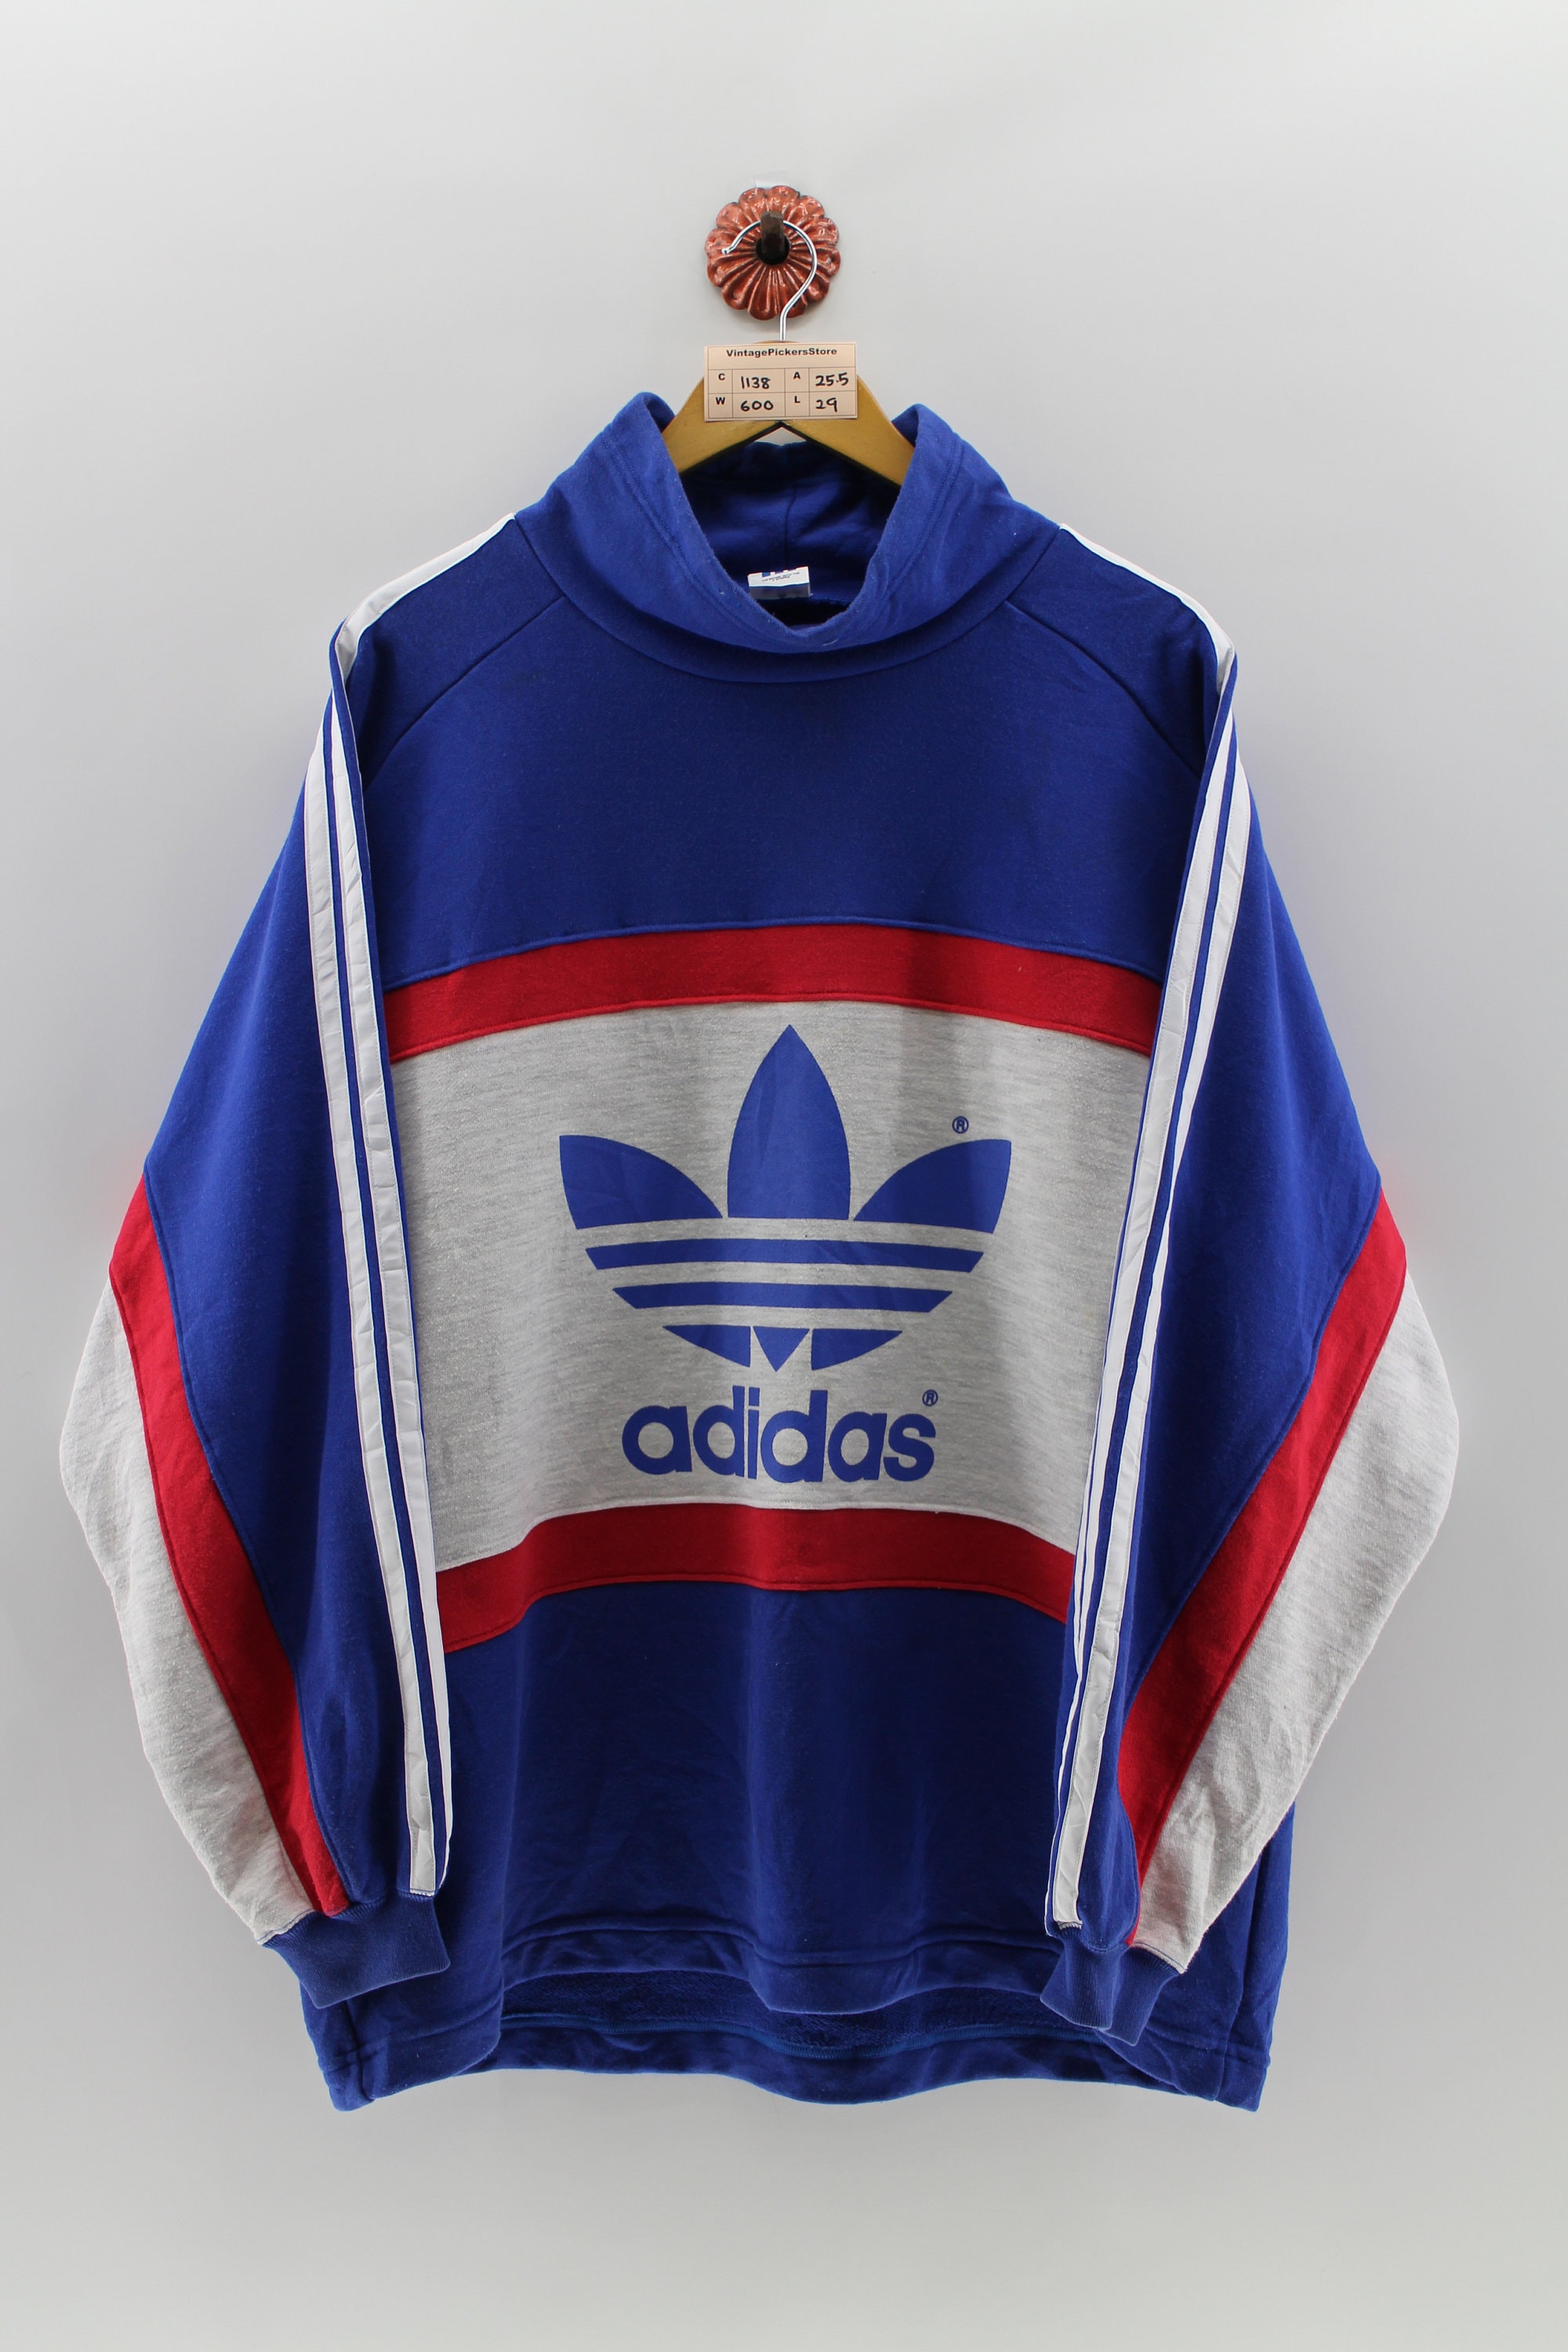 ADIDAS RUN DMC Sweatshirt XLarge Vintage 90's Adidas | Etsy
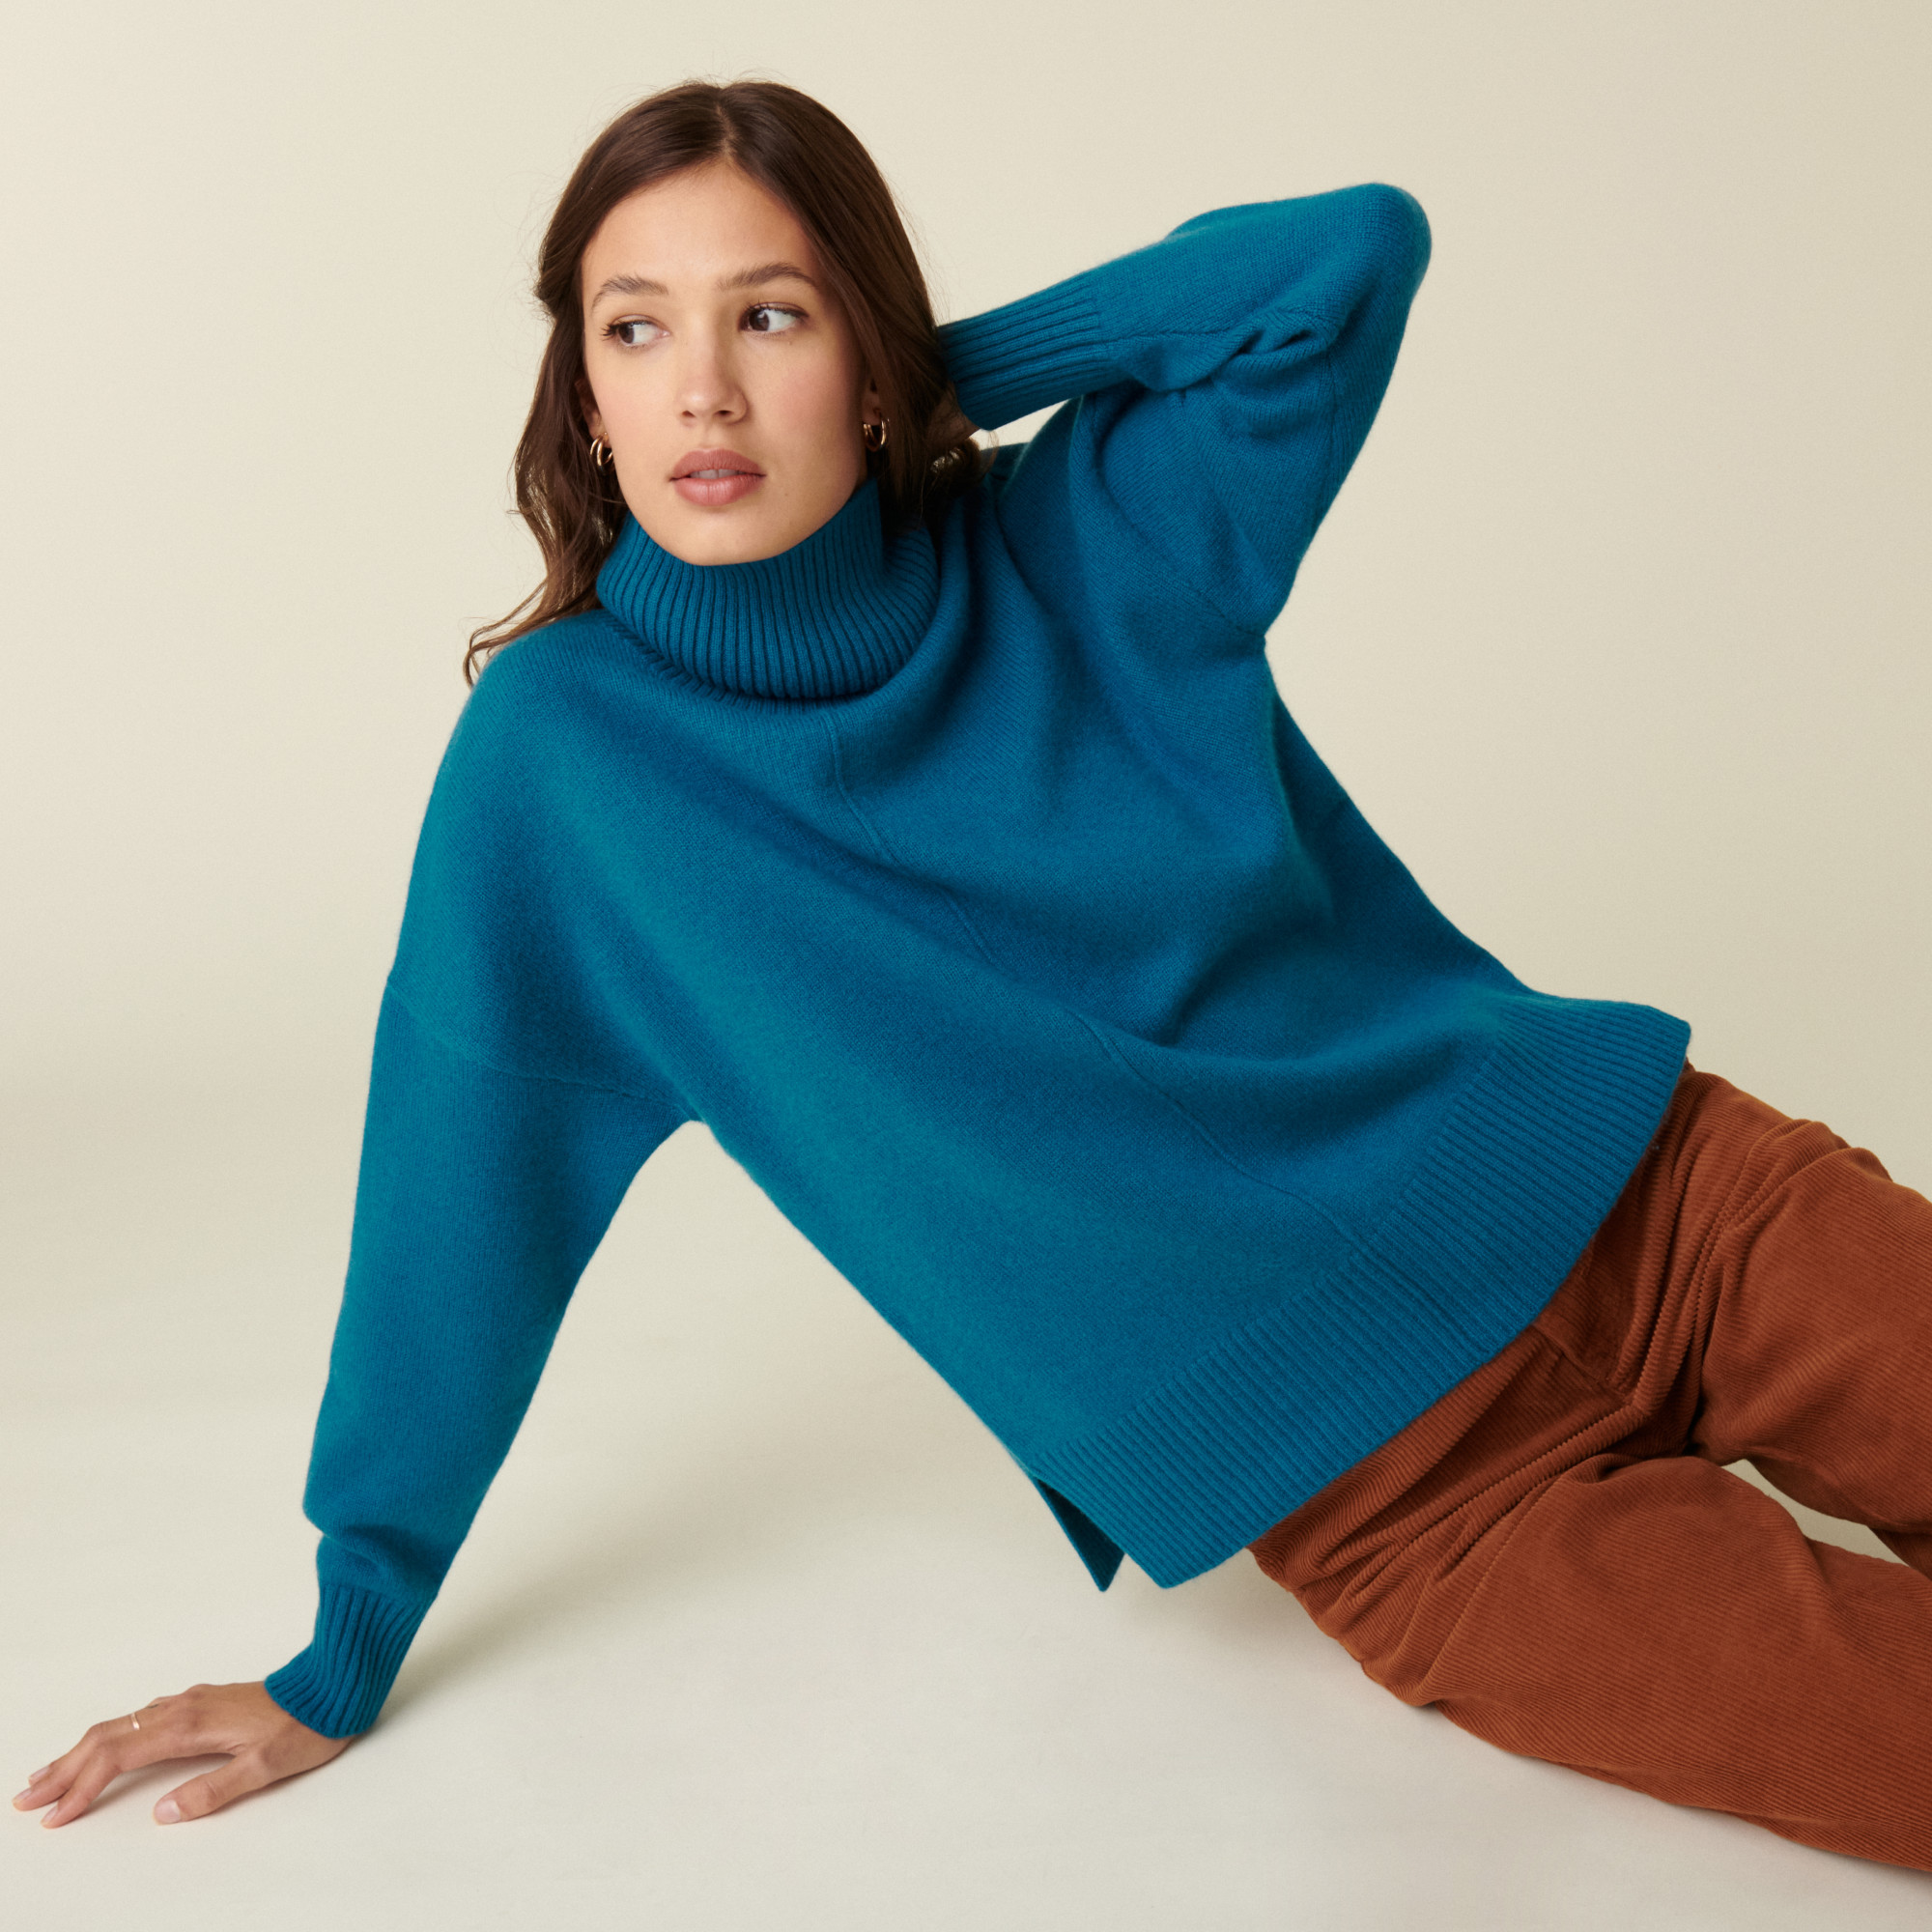 4-ply cashmere turtleneck sweater - Adena
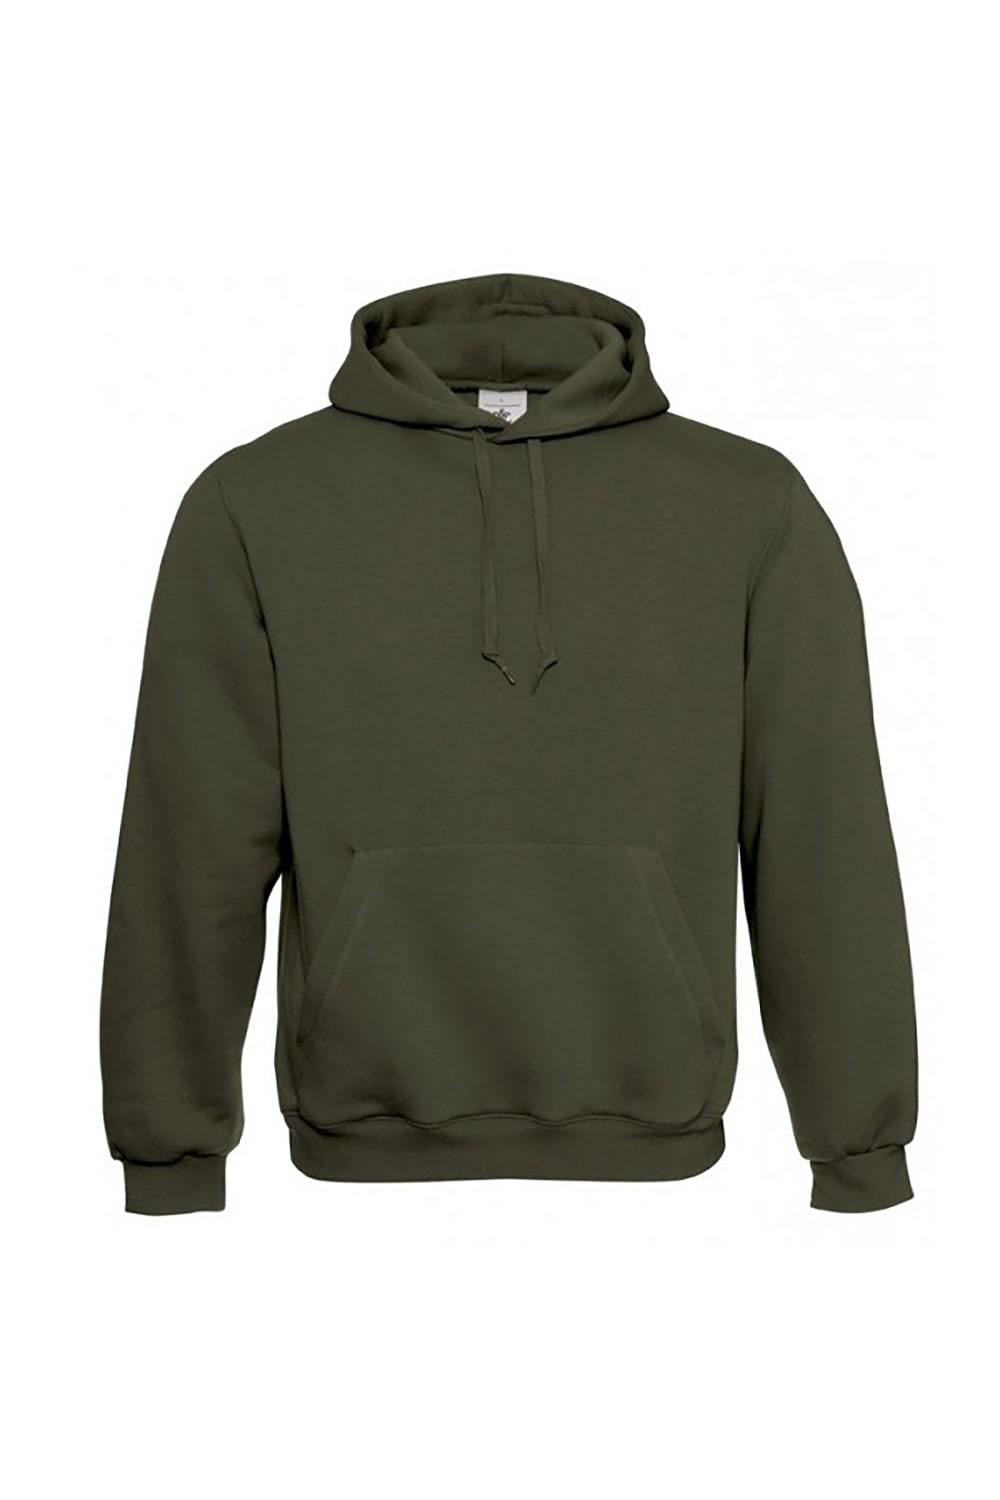 B&C Mens Hooded Sweatshirt / Mens Sweatshirts & Hoodies (Khaki)
+++++
# Work request:
No pictures belong in the copy. Return exactly the lines from the line containing "4-ply cashmere turtleneck sweater - Adena" through the last line of the listing.

# Reply:
 4-ply cashmere turtleneck sweater - Adena
 B&C Mens Hooded Sweatshirt / Mens Sweatshirts & Hoodies (Khaki)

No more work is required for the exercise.